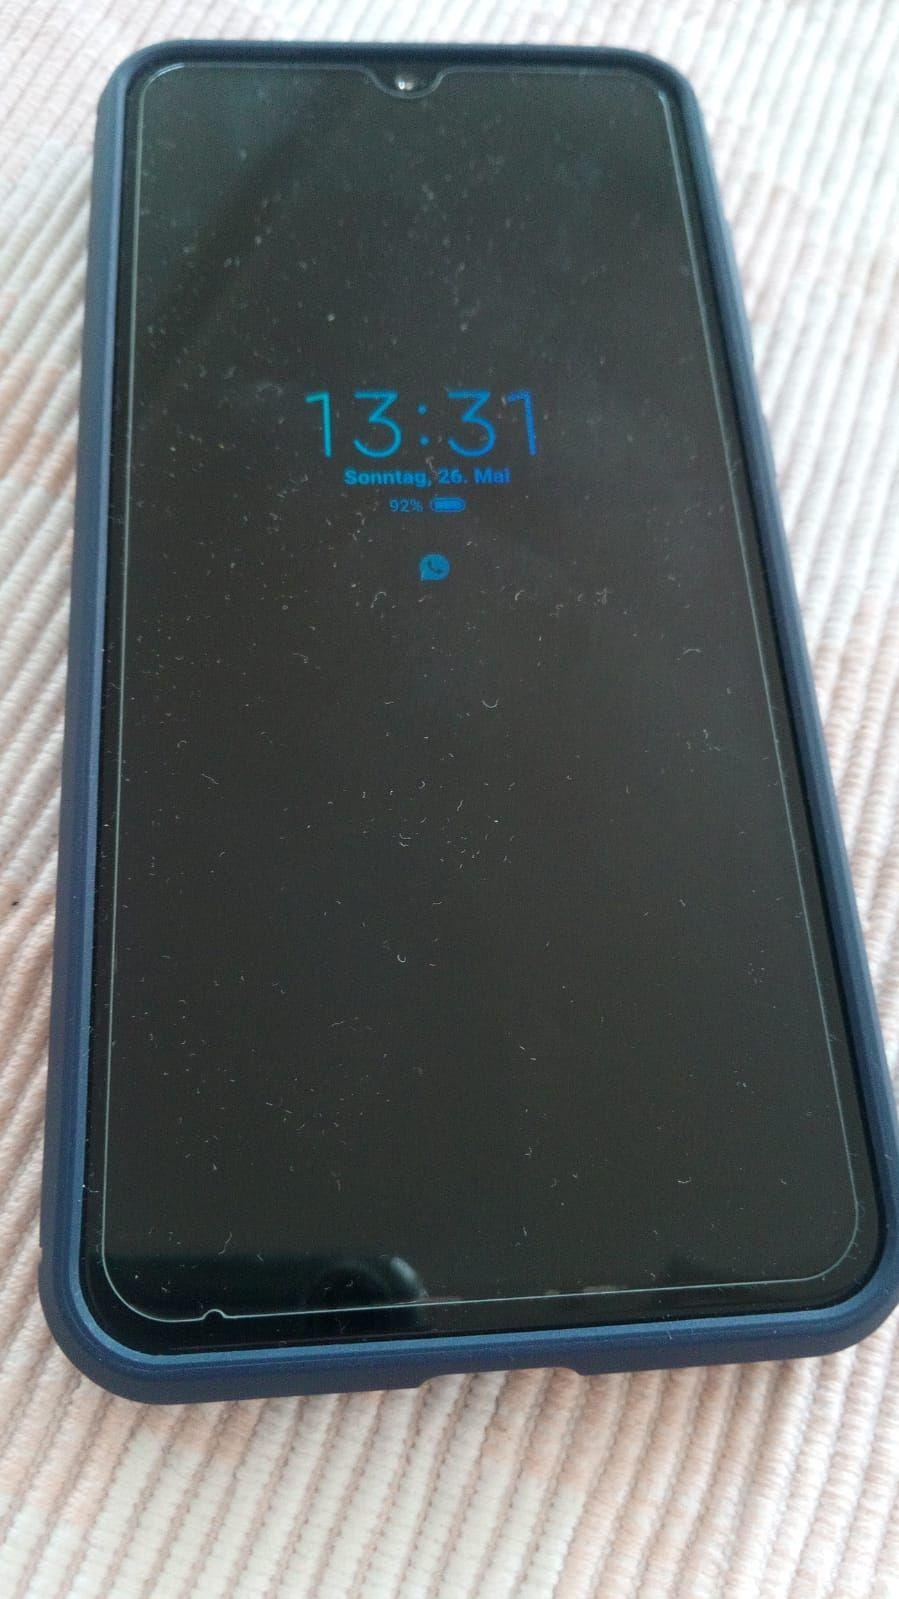 21818483.jpg
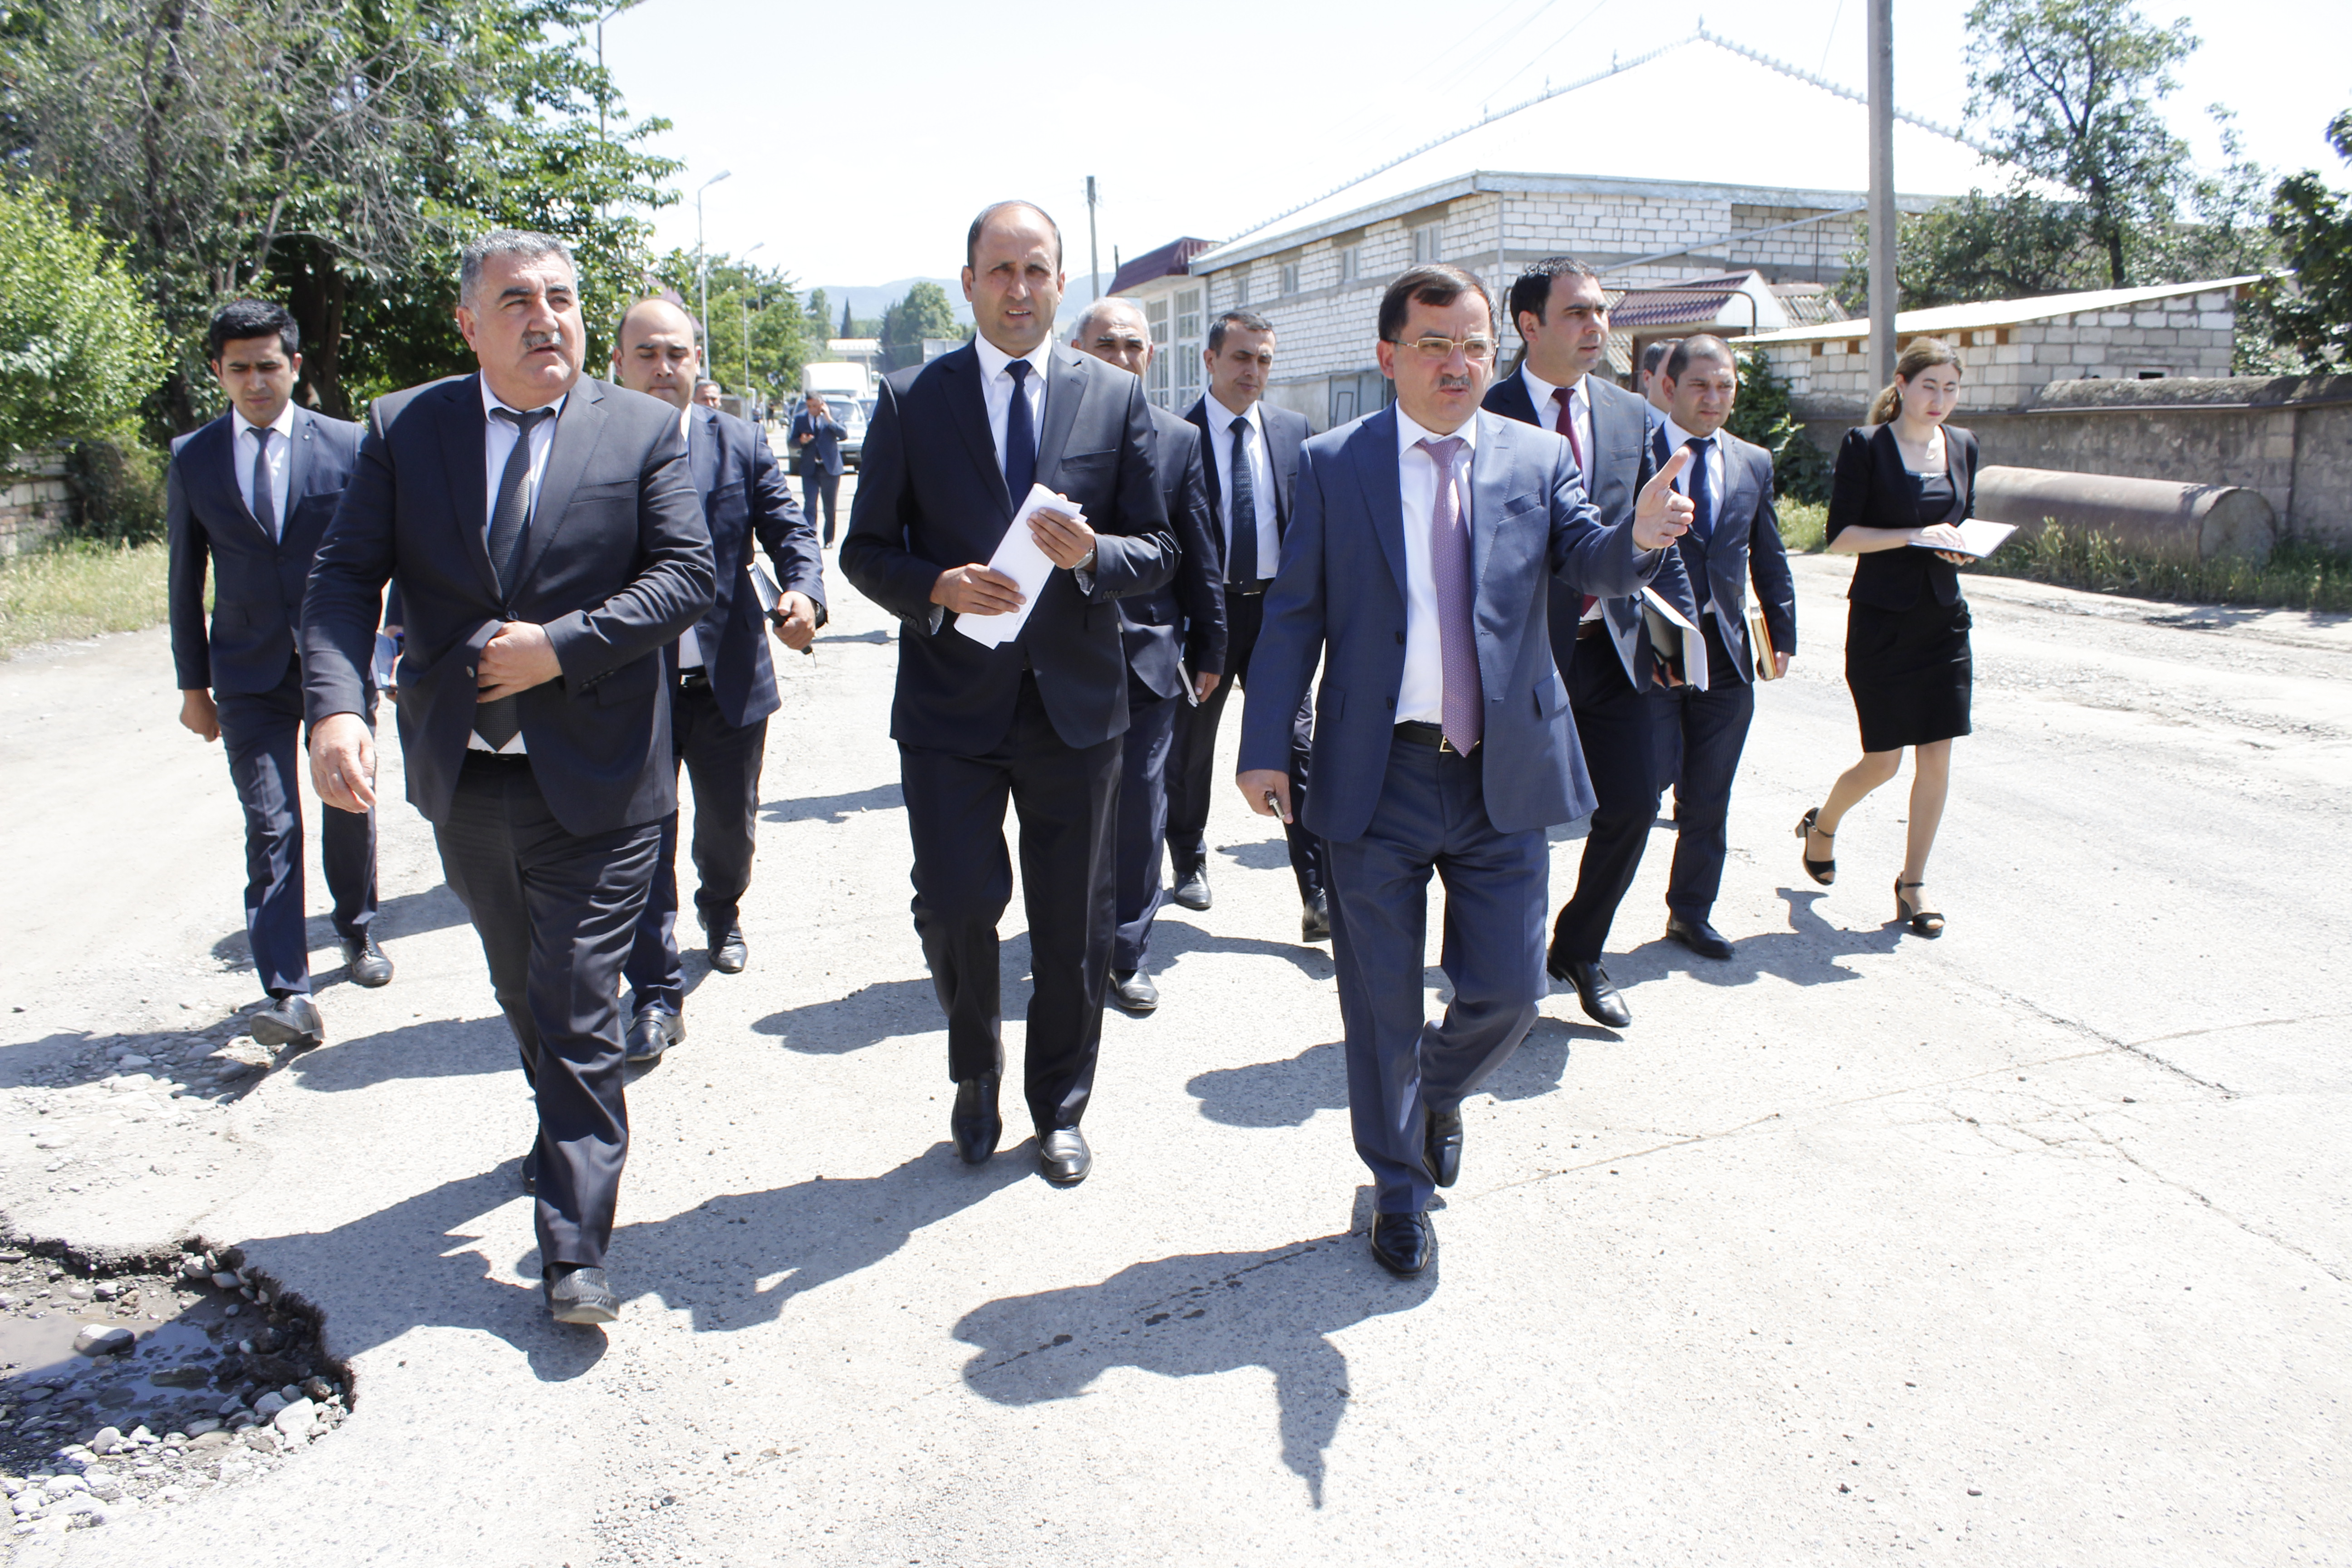 Yol infrastrukturunun inkişafı istiqamətində həyata keçirilən məqsədyönlü tədbirlər Qazax rayonunda uğurla davam etdirilir
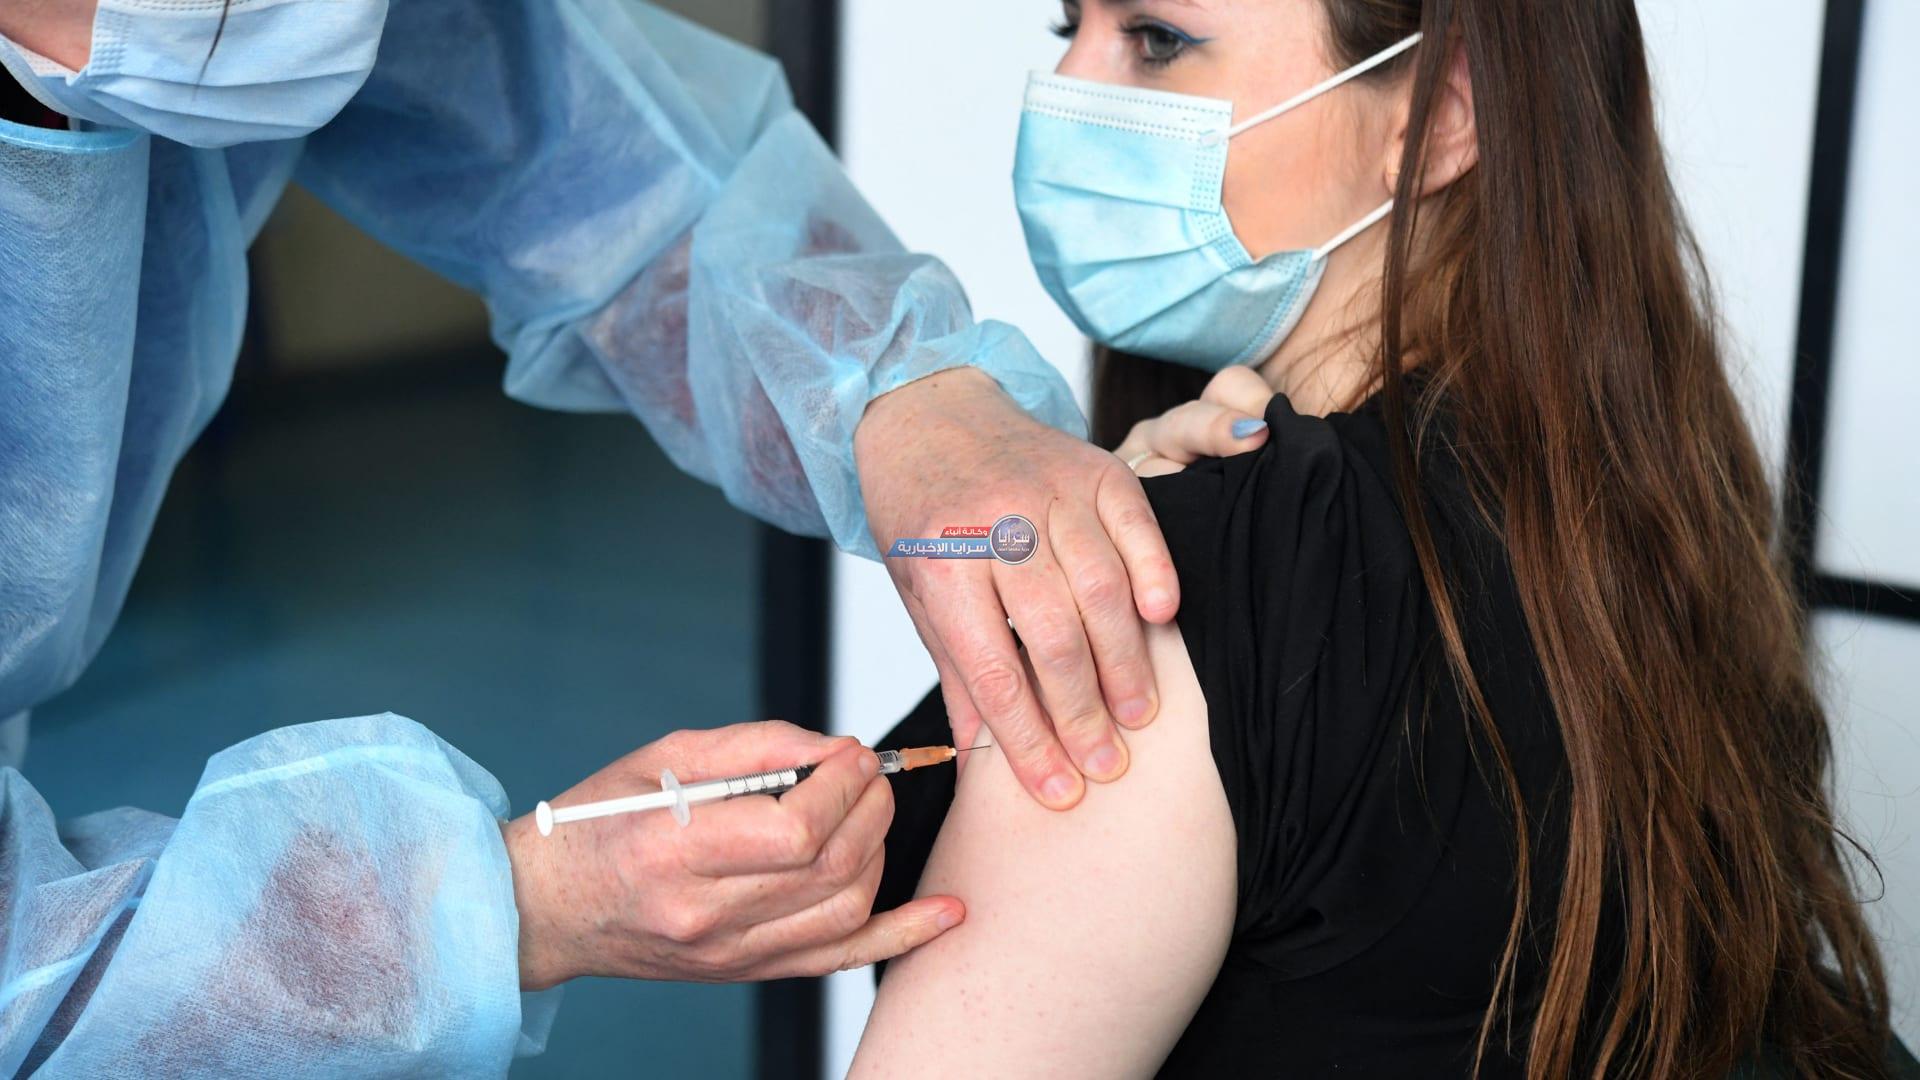 نقيب الصيادلة: لقاح كورونا لا يحمي من الإنفلونزا الموسمية

### Exercise objective
Exact copy, pictures removed: set down the whole listing above.

### Output for this exercise
 21818483.jpg
 Yol infrastrukturunun inkişafı istiqamətində həyata keçirilən məqsədyönlü tədbirlər Qazax rayonunda uğurla davam etdirilir
 نقيب الصيادلة: لقاح كورونا لا يحمي من الإنفلونزا الموسمية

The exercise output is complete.